Component for handling OAuth callback. **Note**: This component requires `useAuth()` to be called in a parent component first.

#### Props

| Property | Type | Required | Description |
|----------|------|----------|-------------|
| `onSuccess` | `(user: User, state?: TState) => void` | | Success callback with typed state |
| `onError` | `(error: Error) => void` | | Error callback |

#### Slots

| Slot | Props | Description |
|------|-------|-------------|
| `default` | - | Loading content |
| `error` | `{ error: Error }` | Error content |

#### Events

| Event | Payload | Description |
|-------|---------|-------------|
| `success` | `User, state?: TState` | Emitted on successful authentication with typed state |
| `error` | `Error` | Emitted on authentication error |

### `<LogoutCallback>`

Component for handling OAuth logout callback. **Note**: This component requires `useAuth()` to be called in a parent component first.

#### Props

| Property | Type | Required | Description |
|----------|------|----------|-------------|
| `onSuccess` | `(state?: TState) => void` | | Success callback with typed state |
| `onError` | `(error: Error) => void` | | Error callback |

#### Slots

| Slot | Props | Description |
|------|-------|-------------|
| `default` | - | Loading content |
| `error` | `{ error: Error }` | Error content |
| `success` | - | Success content |

#### Events

| Event | Payload | Description |
|-------|---------|-------------|
| `success` | `state?: TState` | Emitted on successful logout with typed state |
| `error` | `Error` | Emitted on logout error |

#### Usage

```vue
<!-- LogoutCallbackPage.vue -->
<script setup>
import { LogoutCallback } from 'vuethenticate'

function onSuccess(state) {
  console.log('Logout successful:', state)
  // Redirect to home or show success message
  window.location.href = '/'
}

function onError(error) {
  console.error('Logout failed:', error)
  // Handle error - redirect or show error
  window.location.href = '/error'
}
</script>

<template>
  <LogoutCallback 
    :onSuccess="onSuccess"
    :onError="onError"
  >
    <div>Processing logout...</div>
    
    <template #error="{ error }">
      <div>
        <h2>Logout Failed</h2>
        <p>{{ error.message }}</p>
      </div>
    </template>
    
    <template #success>
      <div>
        <h2>Logout Successful</h2>
        <p>You have been logged out successfully.</p>
      </div>
    </template>
  </LogoutCallback>
</template>
```

### `<SilentCallback>`

Component for handling silent token renewal callbacks.
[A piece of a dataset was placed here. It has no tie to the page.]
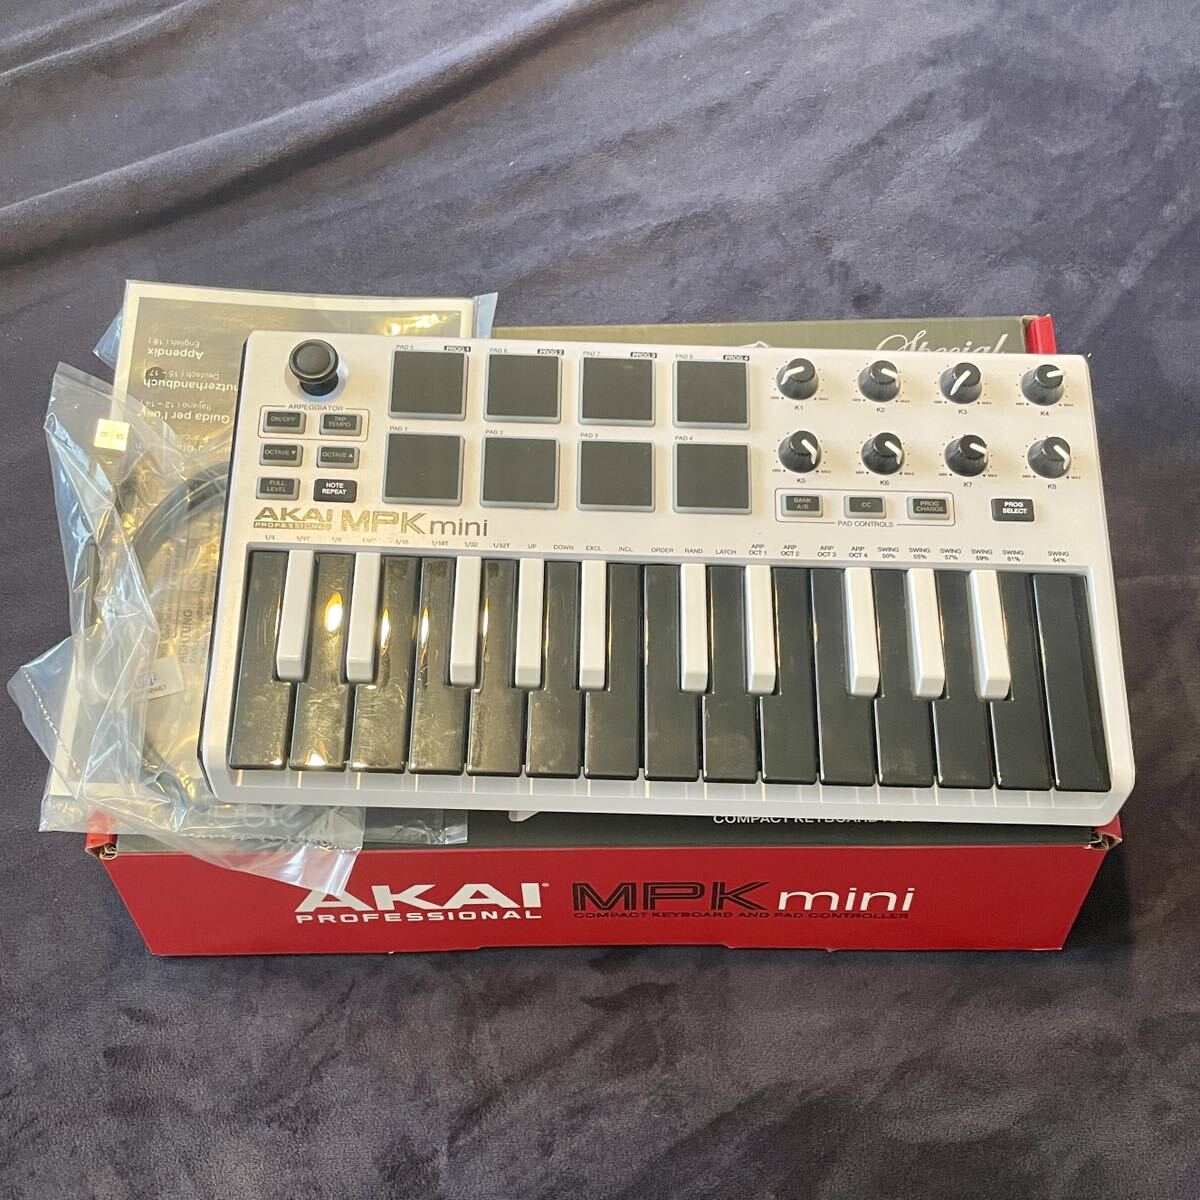 AKAI MPK mini PROFESSIONAL 25 keyboard MIDI keyboard controller used operation goods instructions * box attached free shipping

This component should be mounted on a separate route (typically `/auth/silent-callback`) and is used internally by the library for automatic token refresh. **Note**: This component requires `useAuth()` to be called in a parent component first.

#### Props

| Property | Type | Required | Description |
|----------|------|----------|-------------|
| `onError` | `(error: Error) => void` | | Error callback for silent renewal failures |

#### Usage

```vue
<template>
  <SilentCallback :onError="handleSilentError" />
</template>

<script setup>
import { SilentCallback } from 'vuethenticate'

function handleSilentError(error) {
  console.error('Silent renewal failed:', error)
}
</script>
```

> **Note**: This component is primarily used in an iframe or popup for silent token renewal. It should be placed on a minimal page with no other content.

## Logging and Debugging

Vuethenticate provides comprehensive logging capabilities to help debug authentication flows and monitor authentication events. The logging system supports both internal library logging and configurable `oidc-client-ts` debug output.

### Log Levels

```typescript
import { LogLevel } from 'vuethenticate';

enum LogLevel {
    NONE = 0,    // No logging
    ERROR = 1,   // Only errors
    WARN = 2,    // Warnings and errors
    INFO = 3,    // Info, warnings, and errors
    DEBUG = 4,   // All messages including debug info
}
```

### Basic Logging Setup

```typescript
import { useAuth, LogLevel, consoleLogger } from 'vuethenticate';

// Enable debug logging with console output
const auth = useAuth({
    authority: 'https://your-oidc-provider.com',
    clientId: 'your-client-id',
    logLevel: LogLevel.DEBUG,
    logger: consoleLogger
});
```

### Custom Logger Implementation

```typescript
import { useAuth, LogLevel, type Logger } from 'vuethenticate';

const customLogger: Logger = {
    error: (message: string, ...args: unknown[]) => {
        // Send to your error tracking service
        console.error('[AUTH ERROR]', message, ...args);
        // Sentry.captureException(new Error(message));
    },
    warn: (message: string, ...args: unknown[]) => {
        console.warn('[AUTH WARN]', message, ...args);
    },
    info: (message: string, ...args: unknown[]) => {
        console.info('[AUTH INFO]', message, ...args);
    },
    debug: (message: string, ...args: unknown[]) => {
        if (process.env.NODE_ENV === 'development') {
            console.debug('[AUTH DEBUG]', message, ...args);
        }
    },
};

const auth = useAuth({
    authority: 'https://your-oidc-provider.com',
    clientId: 'your-client-id',
    logLevel: LogLevel.INFO,
    logger: customLogger
});
```

### Environment-Based Logging

```typescript
import { useAuth, LogLevel, consoleLogger } from 'vuethenticate';

const getLogConfig = () => {
    switch (process.env.NODE_ENV) {
        case 'development':
            return { logLevel: LogLevel.DEBUG, logger: consoleLogger };
        case 'test':
            return { logLevel: LogLevel.NONE };
        case 'production':
            return { logLevel: LogLevel.ERROR, logger: productionLogger };
        default:
            return { logLevel: LogLevel.WARN, logger: consoleLogger };
    }
};

const auth = useAuth({
    authority: 'https://your-oidc-provider.com',
    clientId: 'your-client-id',
    ...getLogConfig()
});
```

### Available Loggers

#### `consoleLogger`
Standard console output logger suitable for development.

#### `silentLogger` 
No-op logger that suppresses all output (default when no logger is specified).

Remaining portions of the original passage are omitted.